§ **Task goal**:
Only the lines from the one containing "finest selection 314ee" through the last line below belong in your copy; transcribe them exactly and omit any pictures.

§ **Dataset extract**:
+===+

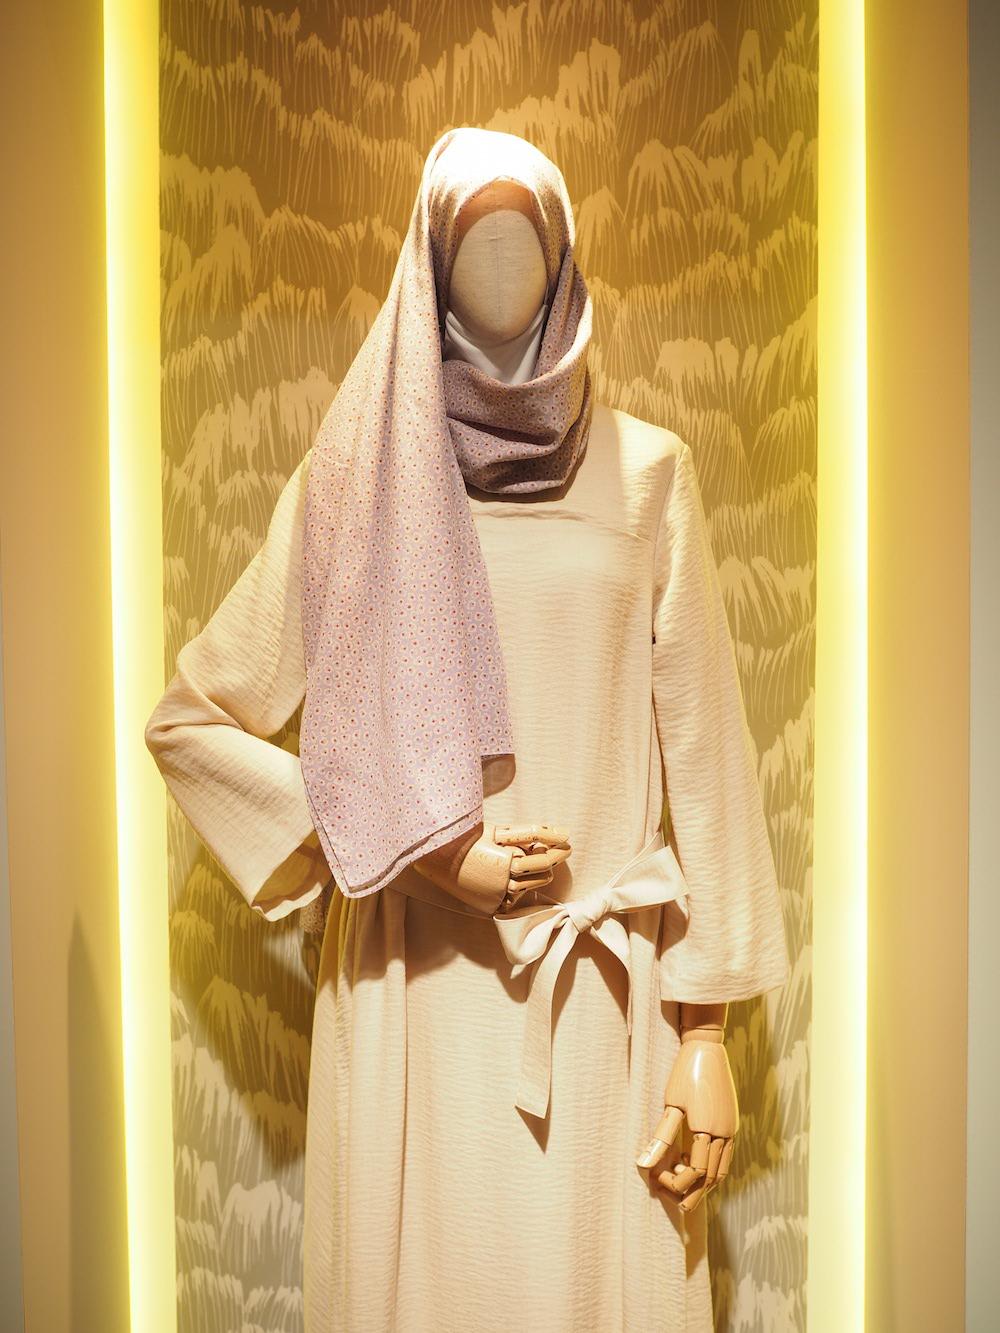 hana tajima for uniqlo designs on display at Uniqlo Lifewear 2017 SS exhibit in Tokyo
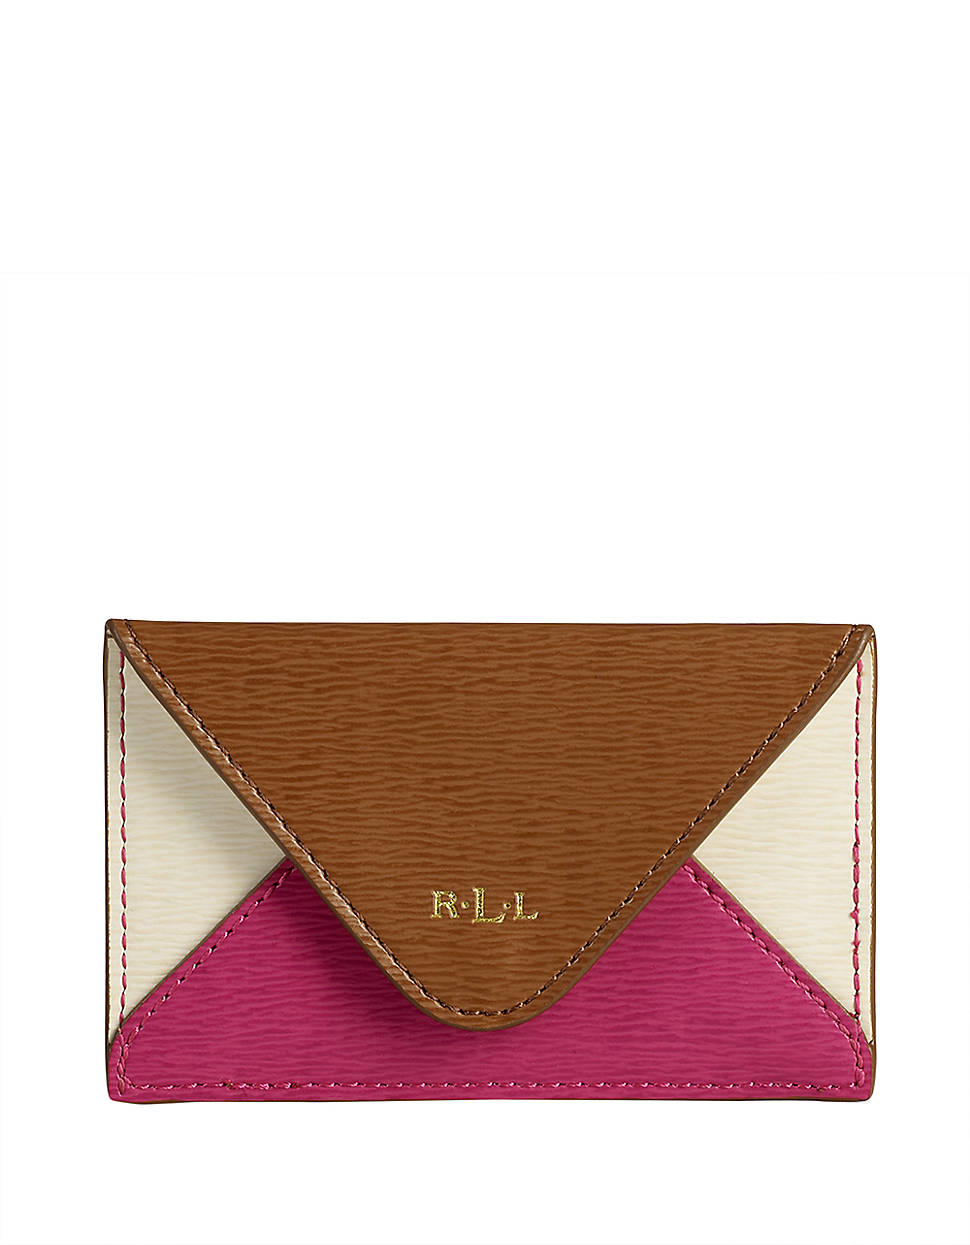 finest selection 314ee d9614 Lauren By Ralph Lauren Newbury Leather Colorblocked Envelope Card ...
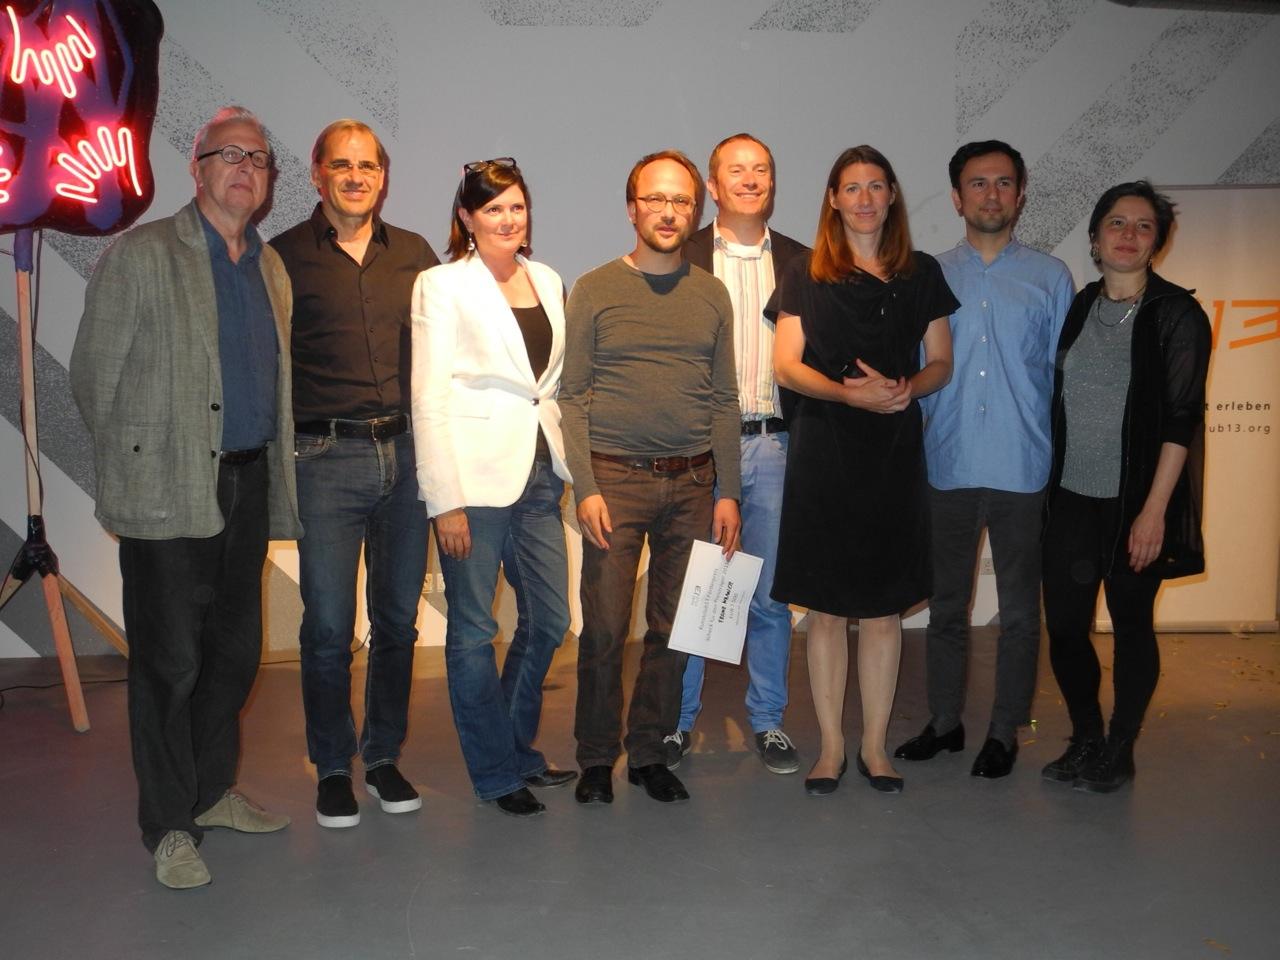 Kunstpreis 2015

+===+

§ **Written solution**:
 finest selection 314ee d9614 Lauren By Ralph Lauren Newbury Leather Colorblocked Envelope Card ...
 Kunstpreis 2015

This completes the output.